— Task to carry out —
What you return should be the complete listing, unchanged, with no pictures in it.

— Supplied information —
------------------------------------------------------------------------
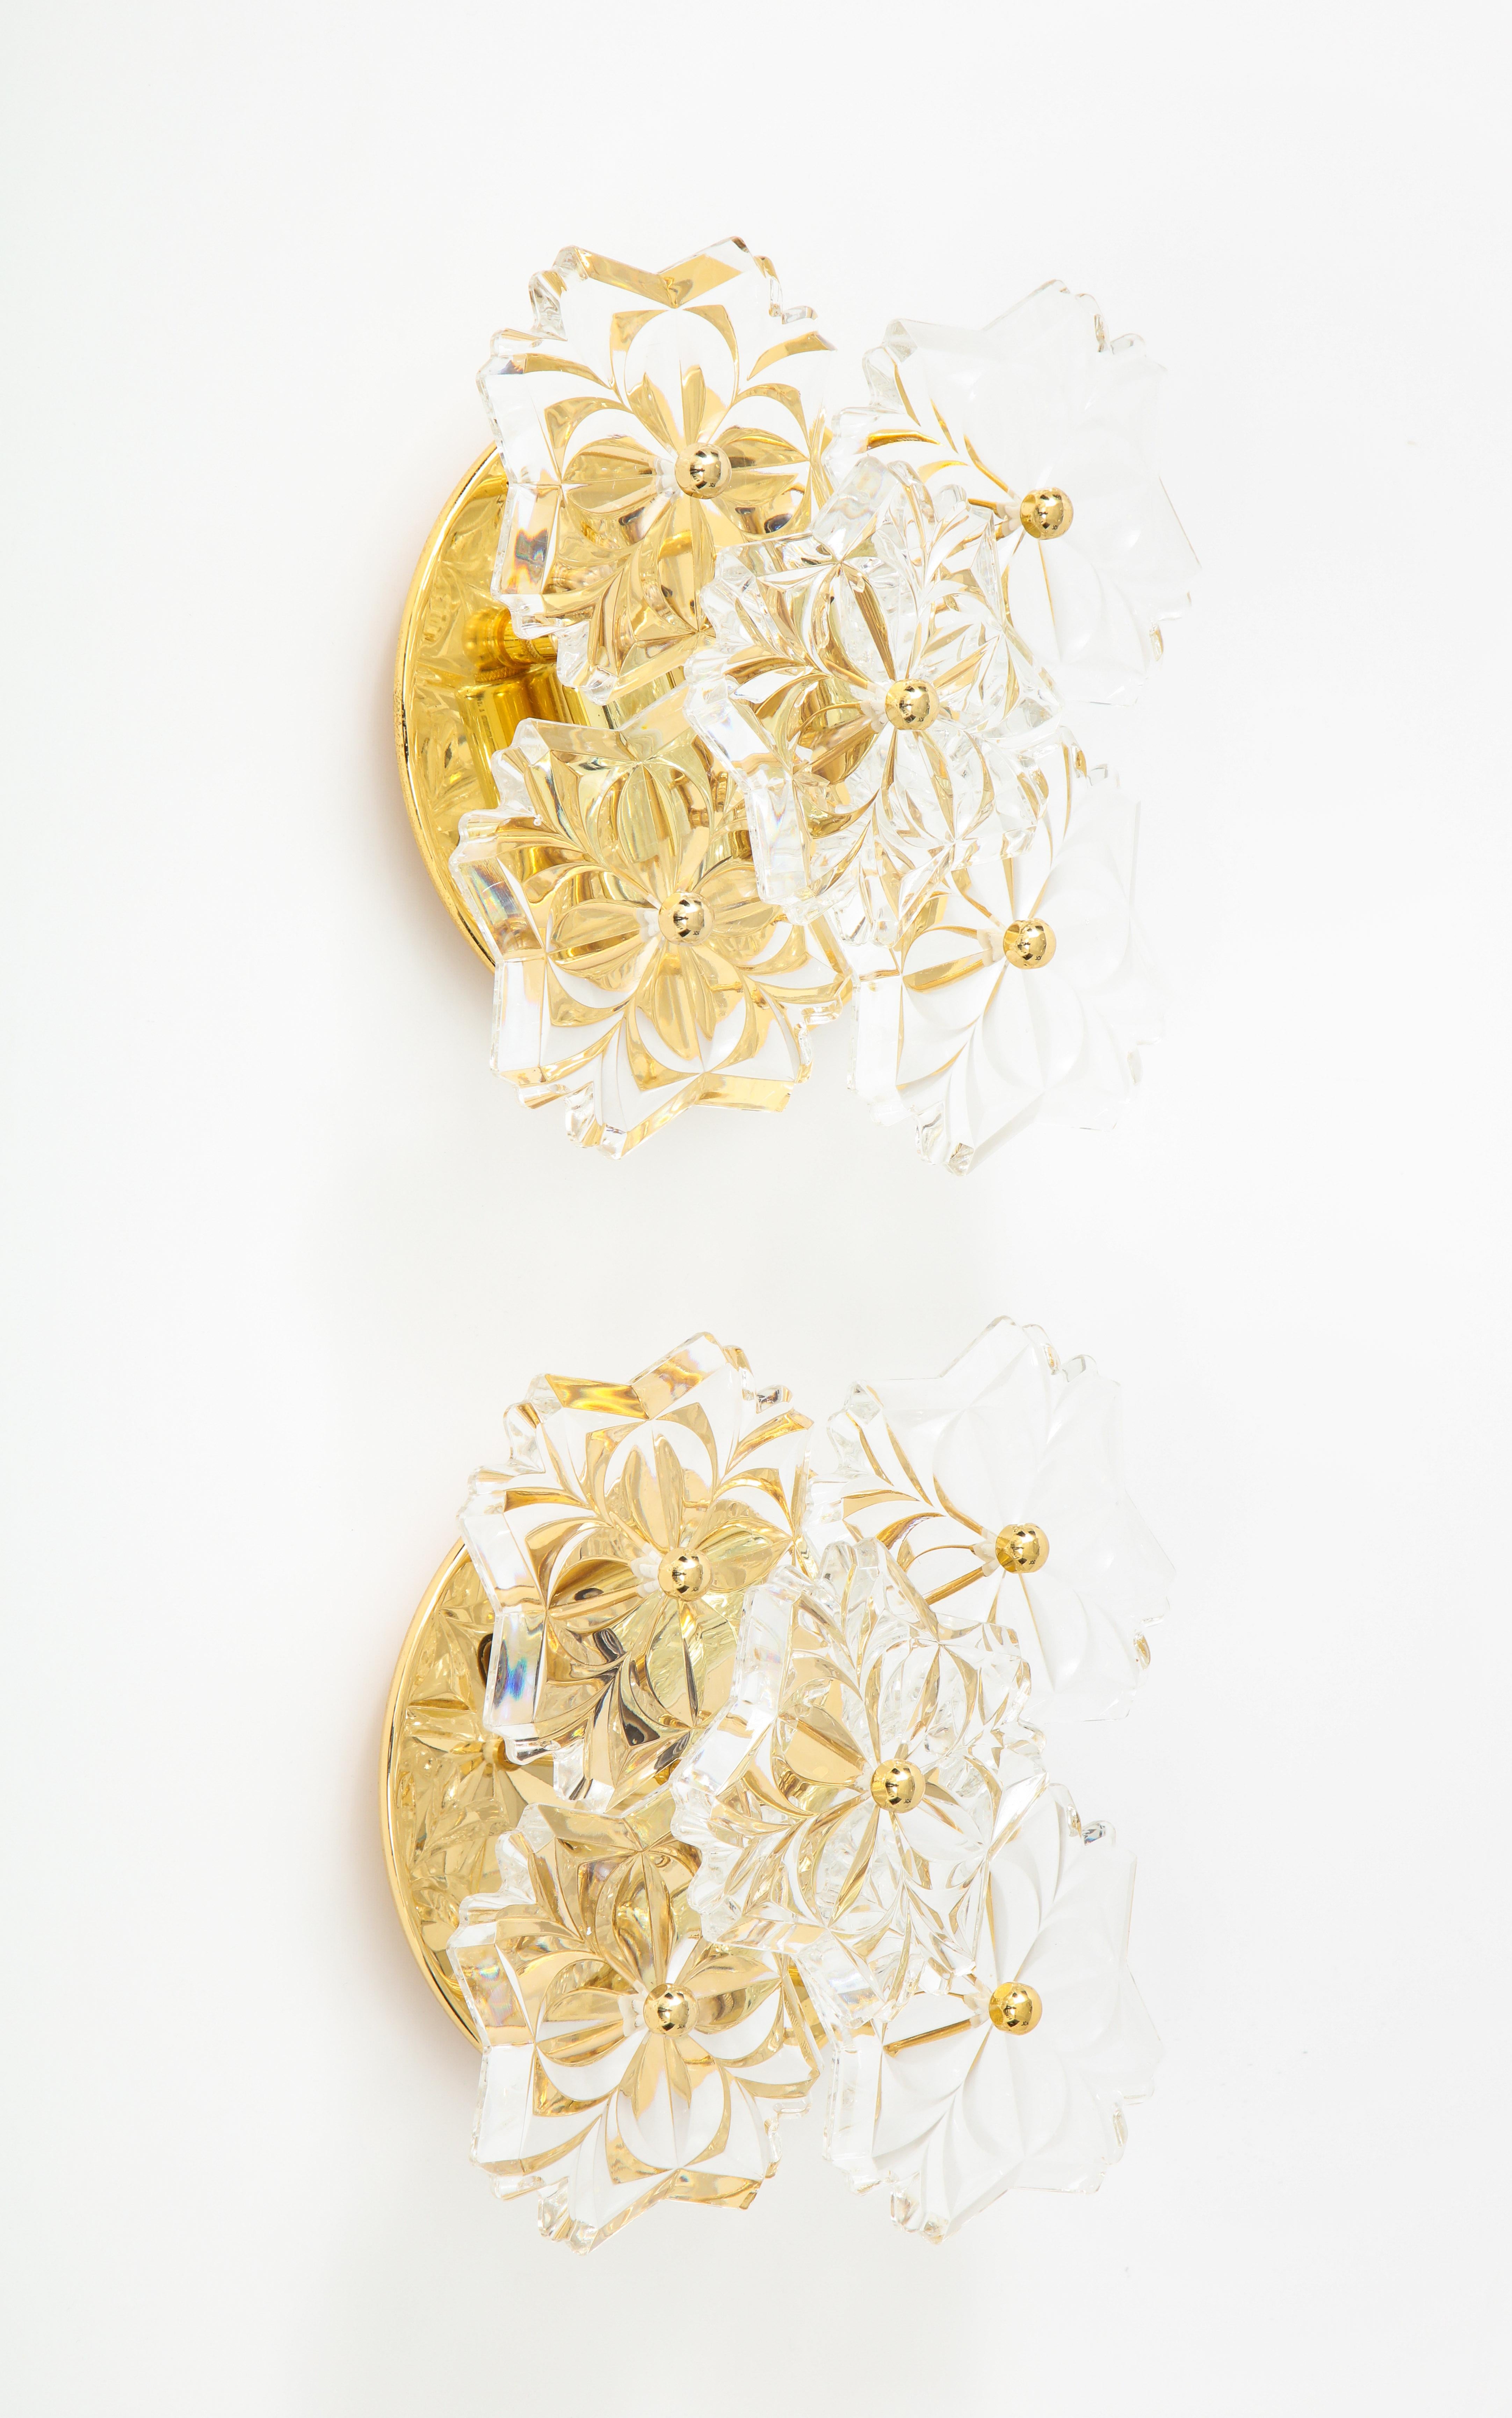 Zwei 1960er-Jahre-Wandleuchter aus Kristall von Kinkeldey.
Die Armaturen sind aus 22 Karat vergoldetem Messing und tragen 5 Kristallelemente.
Sie wurden für die USA mit Kandelaberfassungen neu verkabelt.
------------------------------------------------------------------------
— Solution —
 Zwei 1960er-Jahre-Wandleuchter aus Kristall von Kinkeldey.
Die Armaturen sind aus 22 Karat vergoldetem Messing und tragen 5 Kristallelemente.
Sie wurden für die USA mit Kandelaberfassungen neu verkabelt.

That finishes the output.